*TASK REQUIREMENTS*. All of the data below should be repeated exactly. Pictures should not be included.

[DATA SECTION — start]

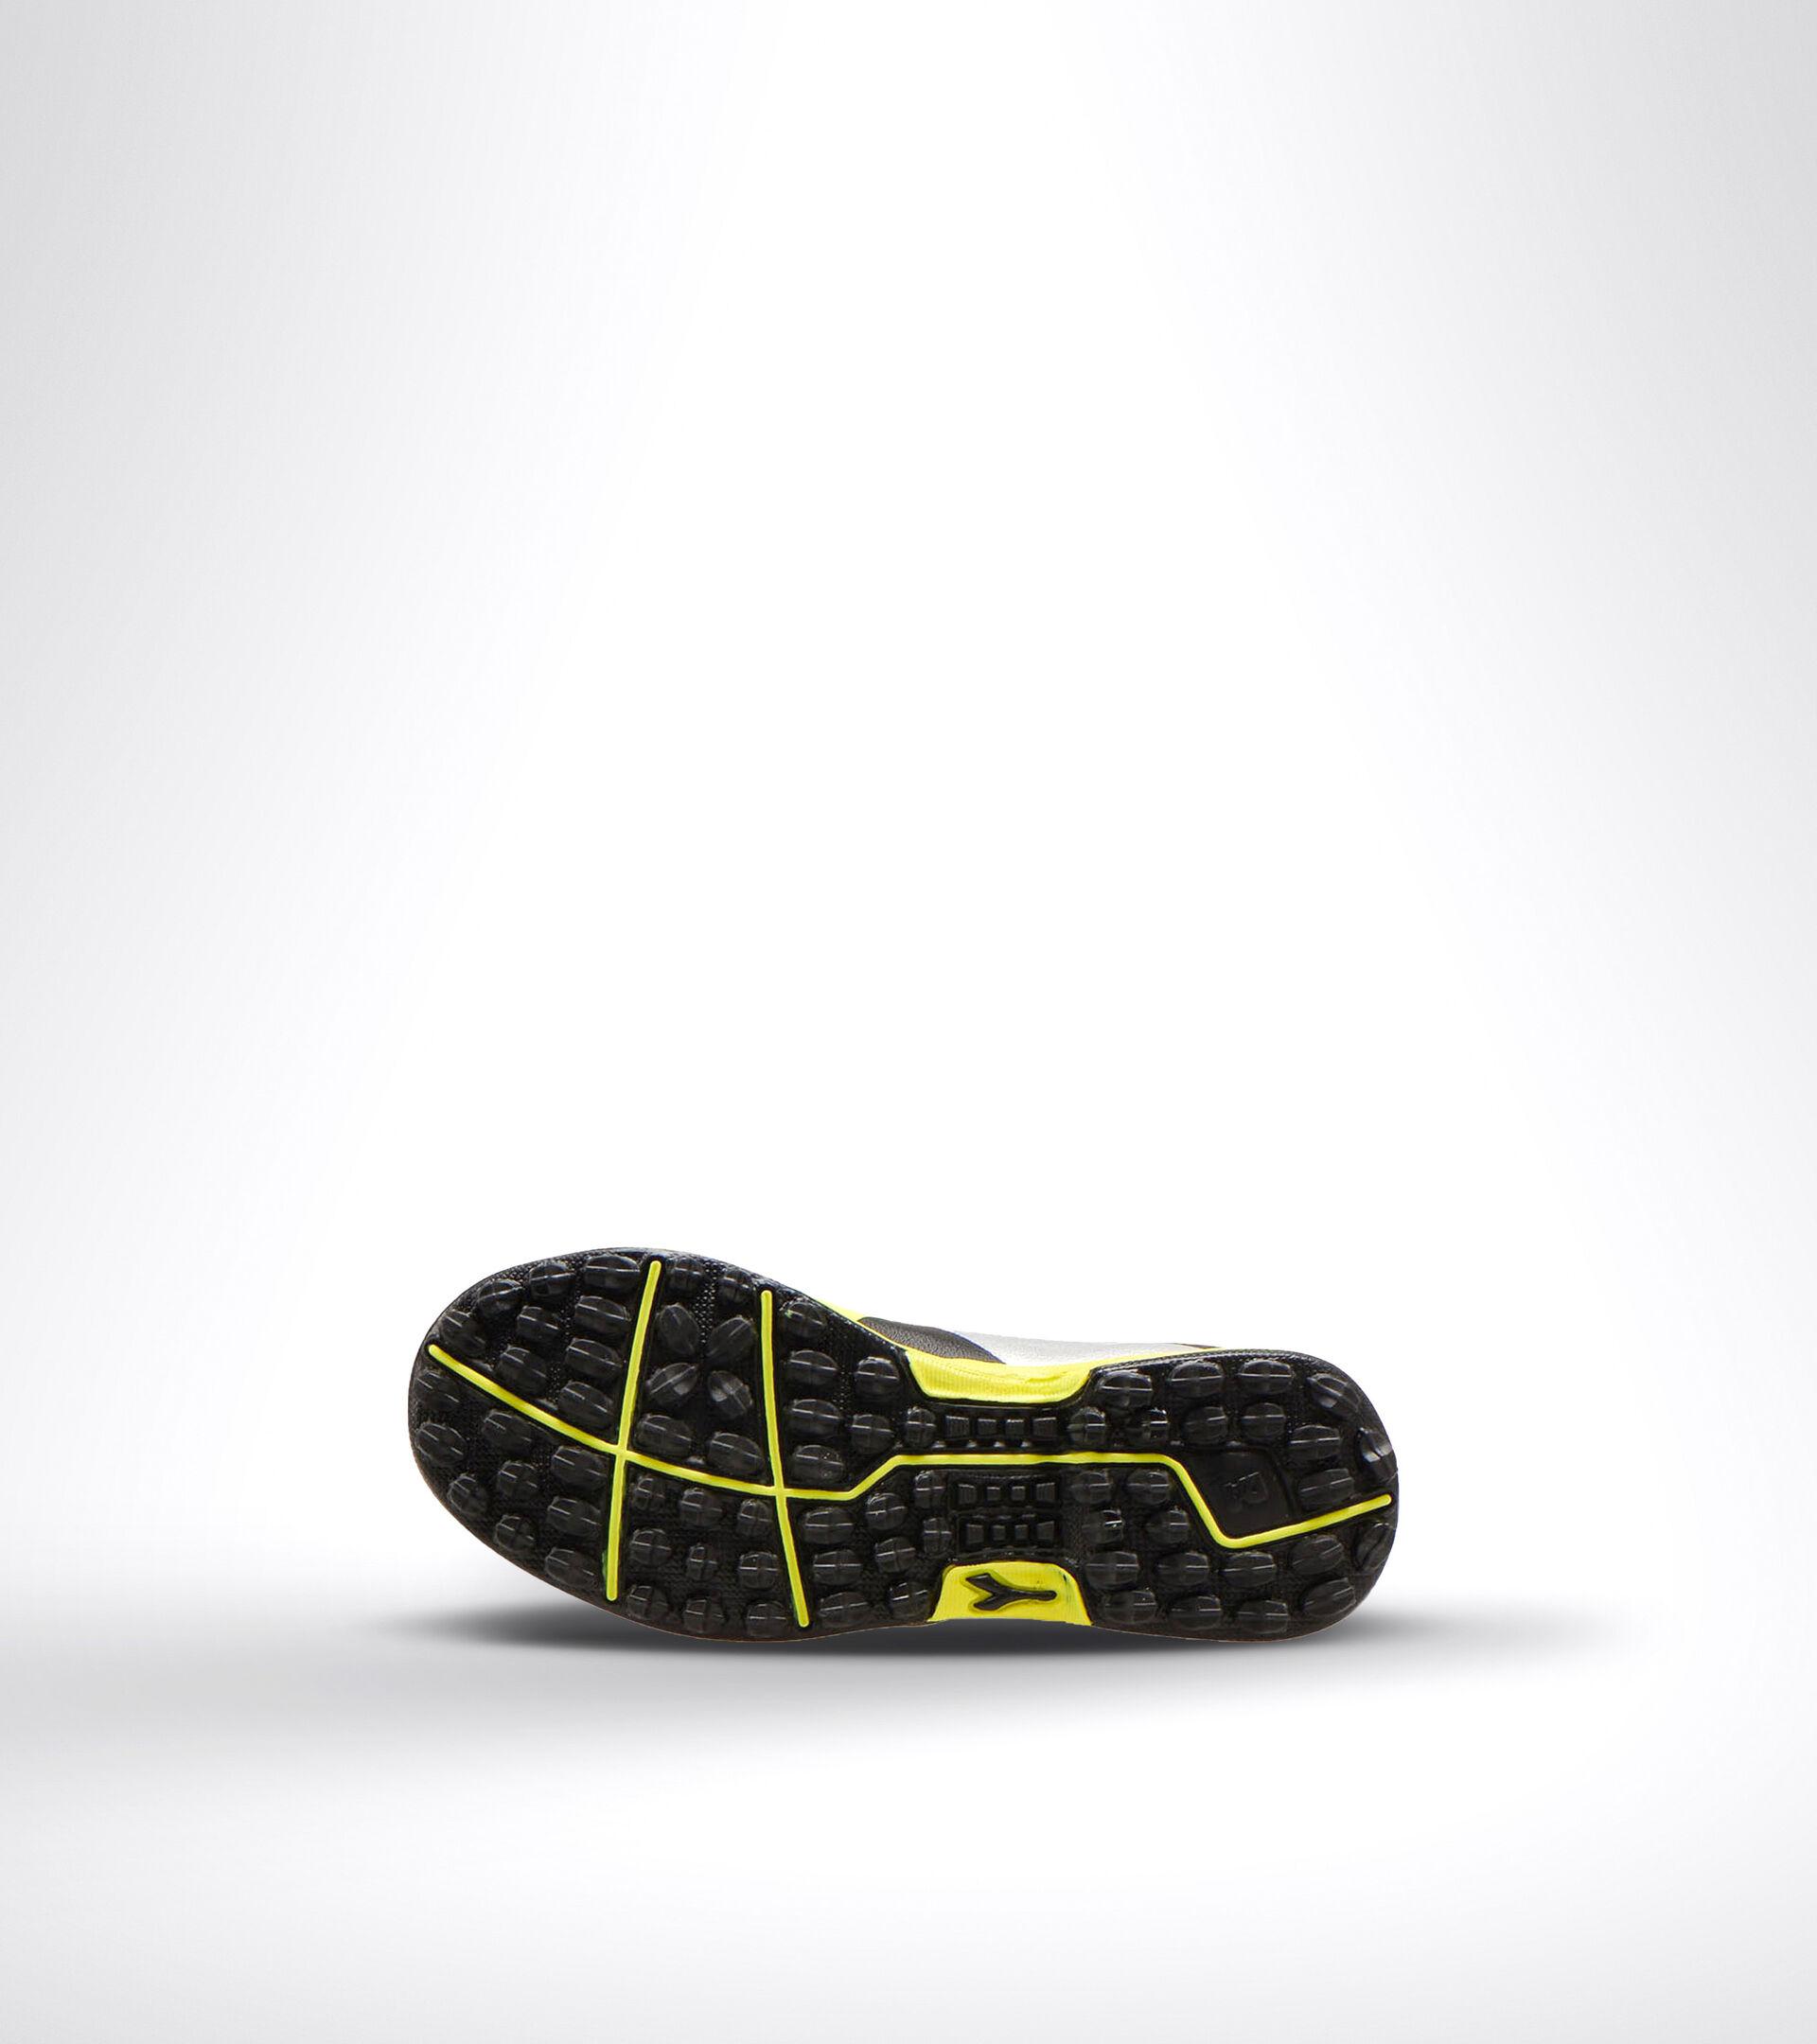 Botas de fútbol para terrenos duros y césped artificial - Unisex Niño RAPTOR R TF JR NERO/ARGENTO/GIALLO FL DD - Diadora
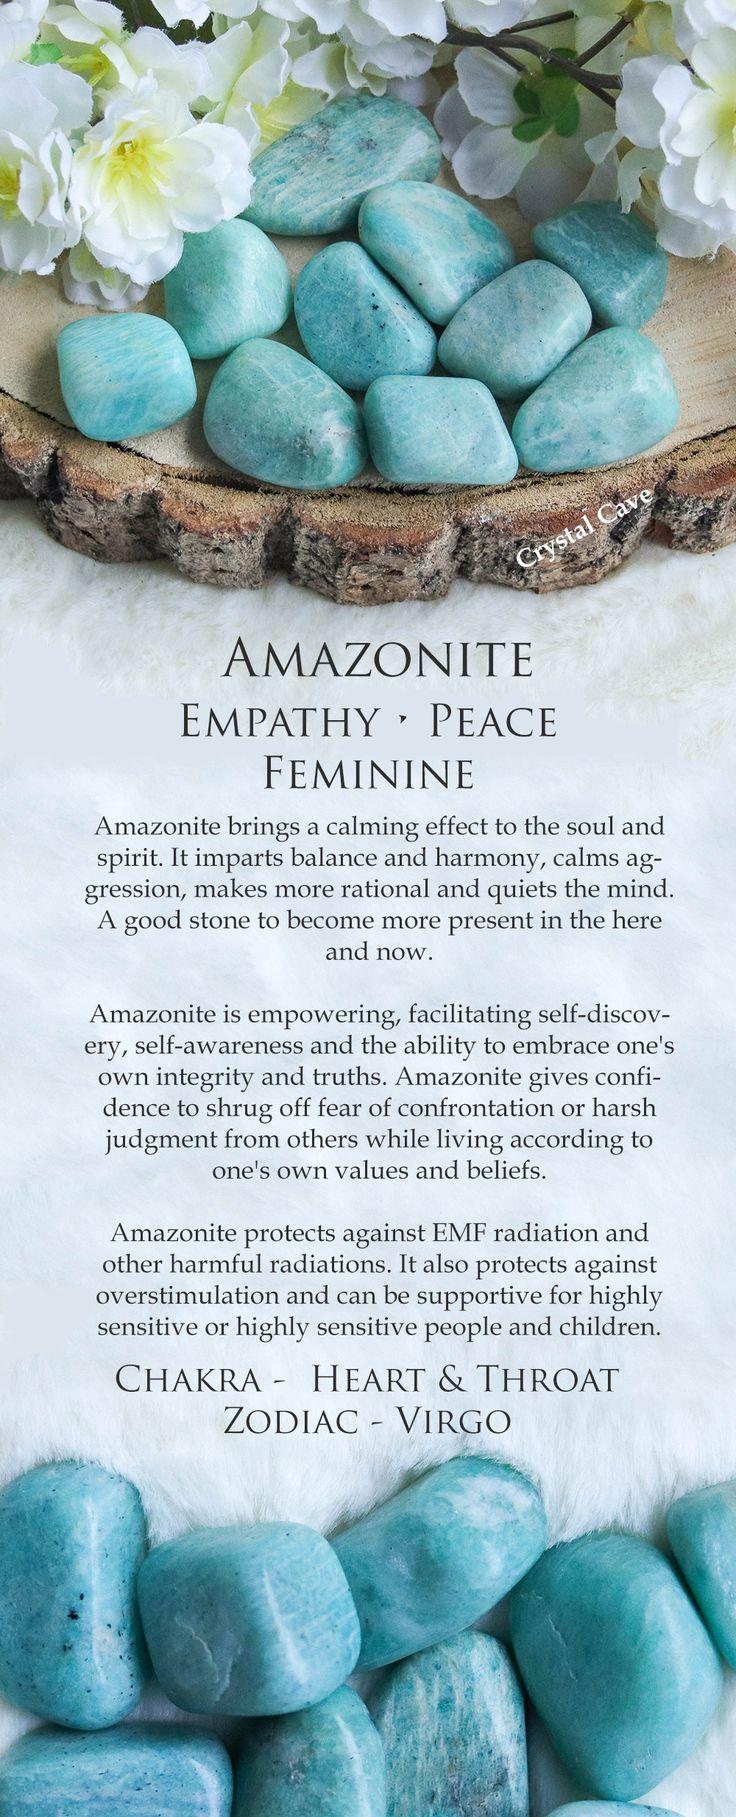 Amazonite crystal tumbled stone gemstone cuddle stone
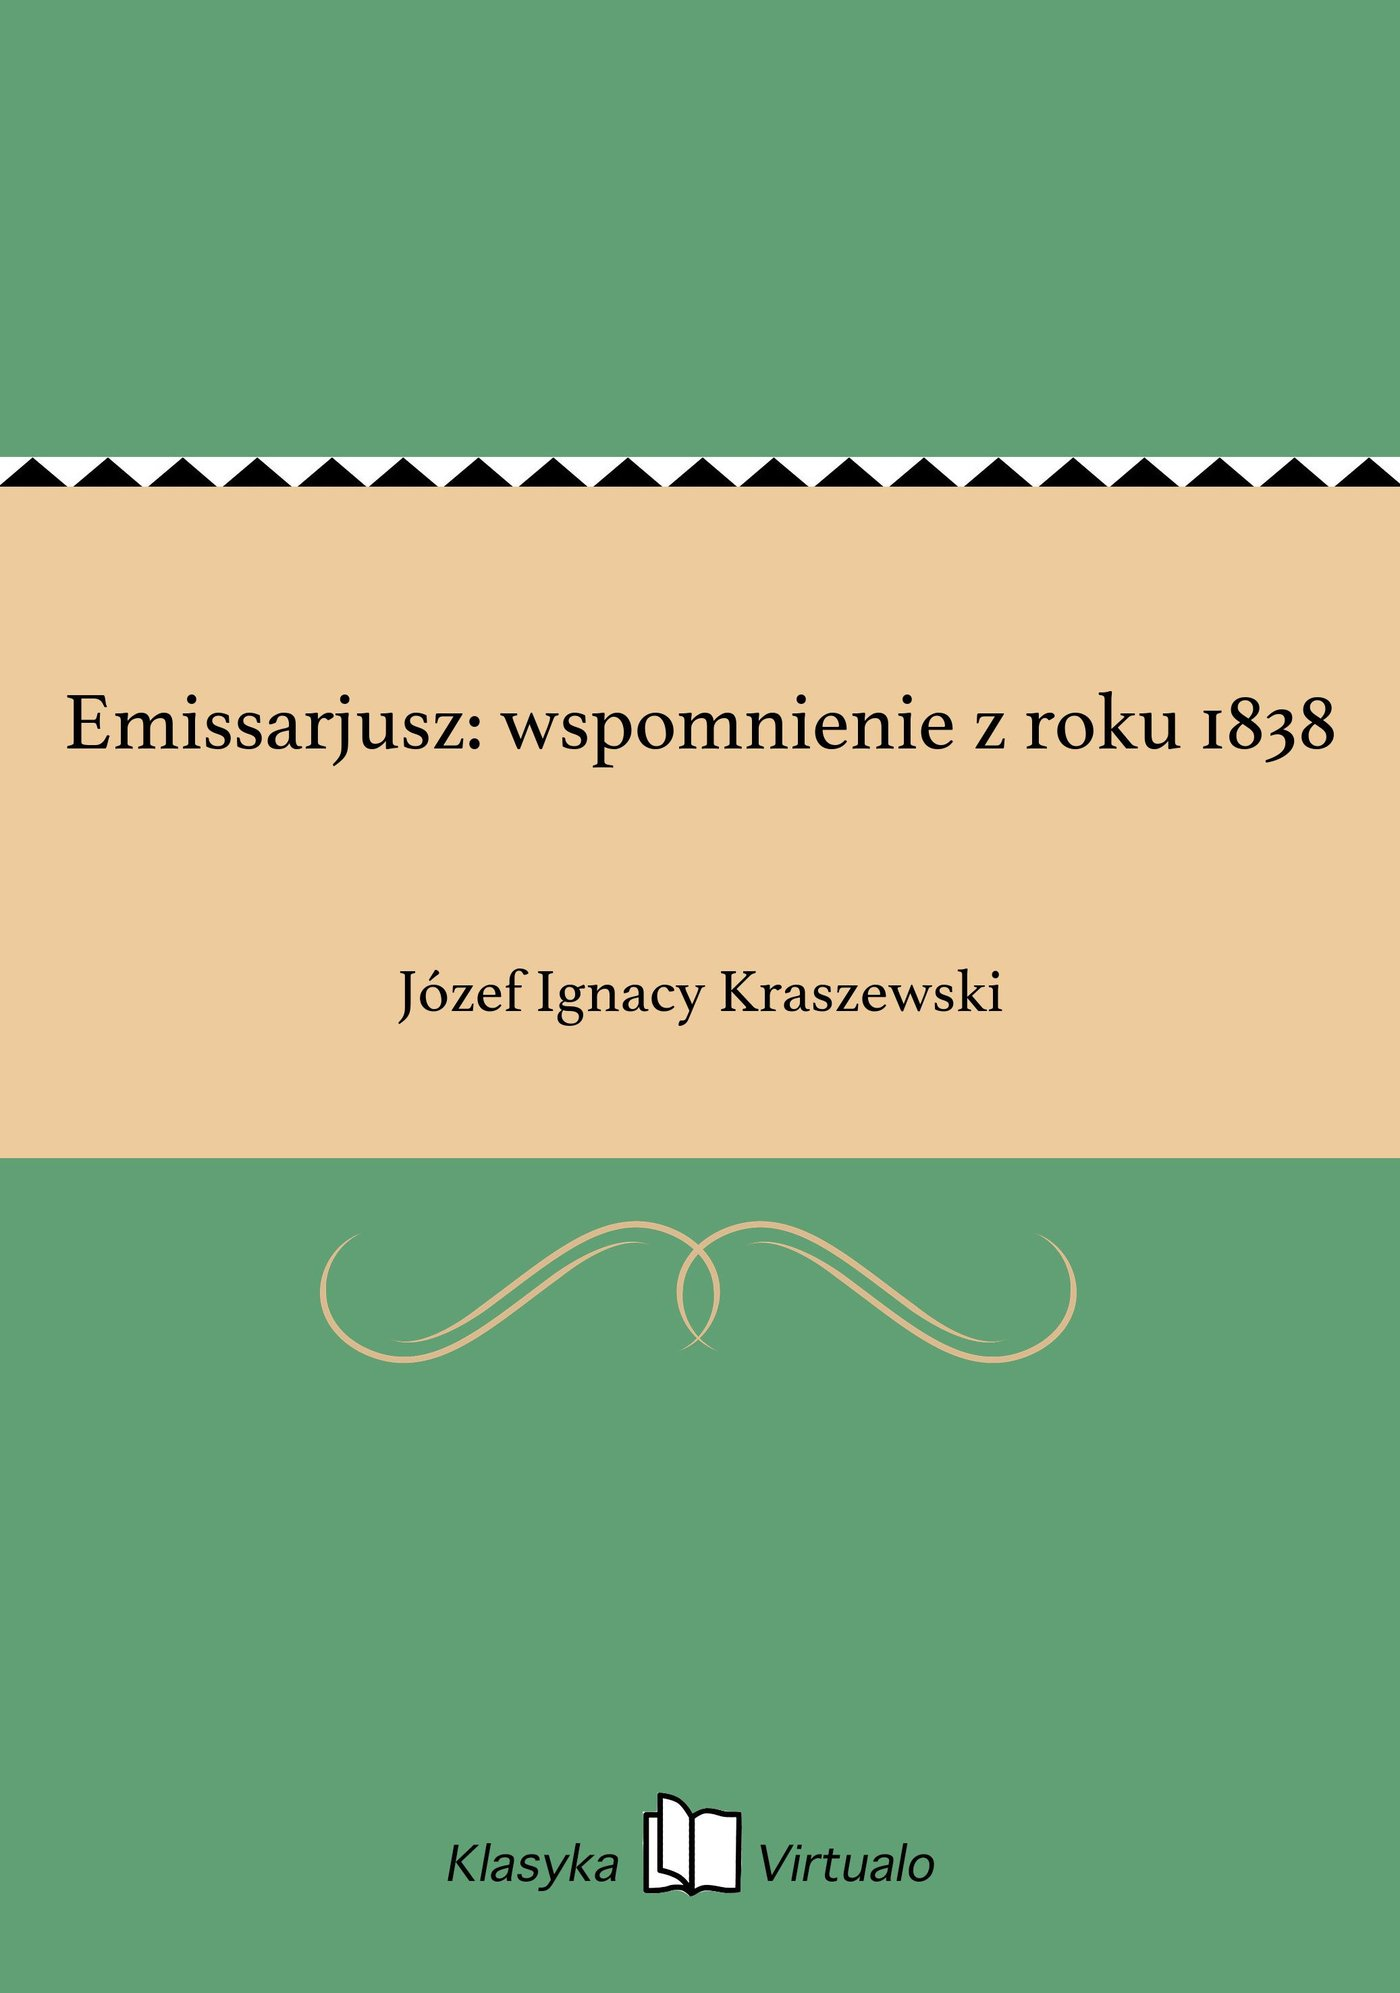 Emissarjusz: wspomnienie z roku 1838 - Ebook (Książka EPUB) do pobrania w formacie EPUB

[DATA SECTION — finish]

*SOLUTION*.
 Botas de fútbol para terrenos duros y césped artificial - Unisex Niño RAPTOR R TF JR NERO/ARGENTO/GIALLO FL DD - Diadora
 Amazonite crystal tumbled stone gemstone cuddle stone
 Emissarjusz: wspomnienie z roku 1838 - Ebook (Książka EPUB) do pobrania w formacie EPUB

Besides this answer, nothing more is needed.